Crosswell seismic

Crosswell seismic tomography provides high frequency seismic and velocity profiles between two wells. Unlike surface seismic and VSP surveys both source and receivers are beneath the surface thus avoiding attenuation losses and preserving the high frequency component of the data. Cross well reflection tomograms (2D seismic sections between the wellbores) can contain frequencies of several hundred Hertz. Consequently the spatial resolution can be in the order of several feet.

The success of these surveys is dependent on many factors.

Clearly defined objectives
Thorough pre job modeling to determine optimal source and receiver intervals
Appropriate well spacing
Suitable source
Accurate survey time estimate to facilitate budgetary control

Crosswell survey schematics showing acquisition of common source ‘fans’ on the left and the ray paths utilized for velocity and seismic profiles.

Crosswell seismic applications

Resolution

Syarif et al, SPE 166490, 2013, Crosswell Seismic Guided 3D Seismic Interpretation Results in Successful Infill Well Location in Bunyu Field (Indonesia). — **Syarif et al**, SPE 166490, 2013, Crosswell Seismic Guided 3D Seismic Interpretation Results in Successful Infill Well Location in Bunyu Field (Indonesia).

Comparison of Crosswell Seismic profile XR2-X7 (2011), re-processed surface seismic (2010). The new fault interpreted (green) separates the Bunyu Nibung & Bunyu Reuris blocks. The new well trajectory for X-30 is displayed in black.

Thermal

Bair et al, SEG January 1999, 1643-1646 Time‐lapse imaging of steam and heat movement in the Cymric 36W Cyclic Steam Pilot using crosswell seismology. — **Bair et al**, SEG January 1999, 1643-1646 Time‐lapse imaging of steam and heat movement in the Cymric 36W Cyclic Steam Pilot using crosswell seismology.

Velocity tomogram from steam injection shows up to 25% reduced velocity signature of injected steam. There is clear evidence of a vertical induced fracture near the injection wellbore.

CO2 Injection

The image shows the difference in velocities from before and after CO2 injection.
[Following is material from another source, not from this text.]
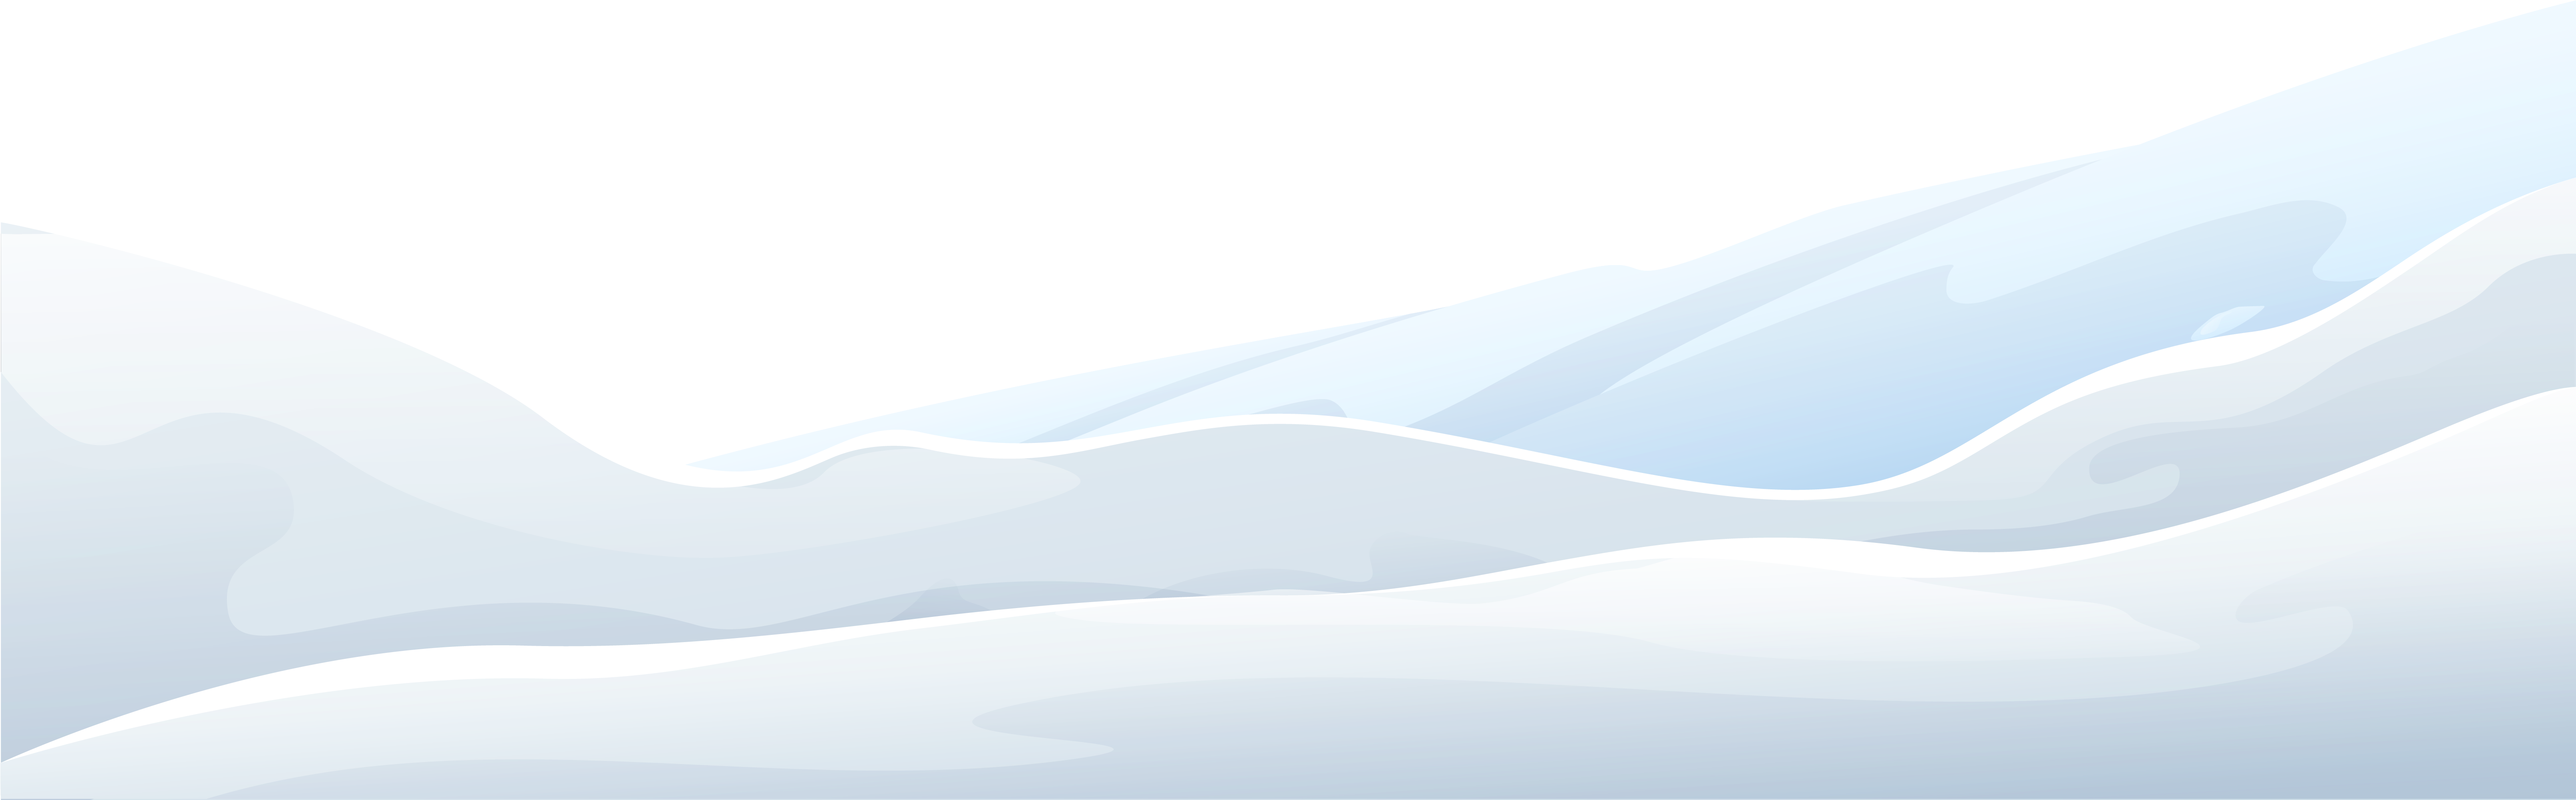 Download Download Snow Winter Clipart Image Snow On Ground Png Png Image With No Background Pngkey Com

Lower velocity in warm colors. “There is a remarkable correlation between reflection event terminations and discontinuities in the tomogram difference”

Geotechnical

S. Boone et al, SEG January 2008, 1407-1410. Identification and interpretation of solution mining features on a crosswell reflection profile.

Direct evidence of solution salt mining cavities and cavity collapse features are detected on high resolution crosswell reflection seismic data in
surveys for site evaluation for bridge construction.

Crosswell seismic planning & acquisition

Crosswell seismic project require two wells; one to deploy the source and the other for the receiver array. Their distance apart is limited by the source generating sufficient energy to be transmitted to the receiver array. Typically the two wells are less than 1000’ apart. Additionally the wells should be in the same plane. The selection of which downhole source and receiver array to use is tied to the project objectives and geometry; what spatial resolution is required, where is the target within the 2D space and what is the overall depth of interest. Pre survey planning should provide recommendations on source and receiver spacing, overall survey time and likely resolution.

Downhole sources vary from small sparker sources most suitable for shallow engineering applications to high frequency piezoelectric sources to swept, high energy sources designed specifically for oilfield applications. Receiver arrays are those used in conventional VSP surveys however, because of the higher resolution required, these arrays typically need to be interleaved during acquisition to achieve the required level spacing. DAS using fiber optic cables can also be used subject to the directional sensitivity of the measurement.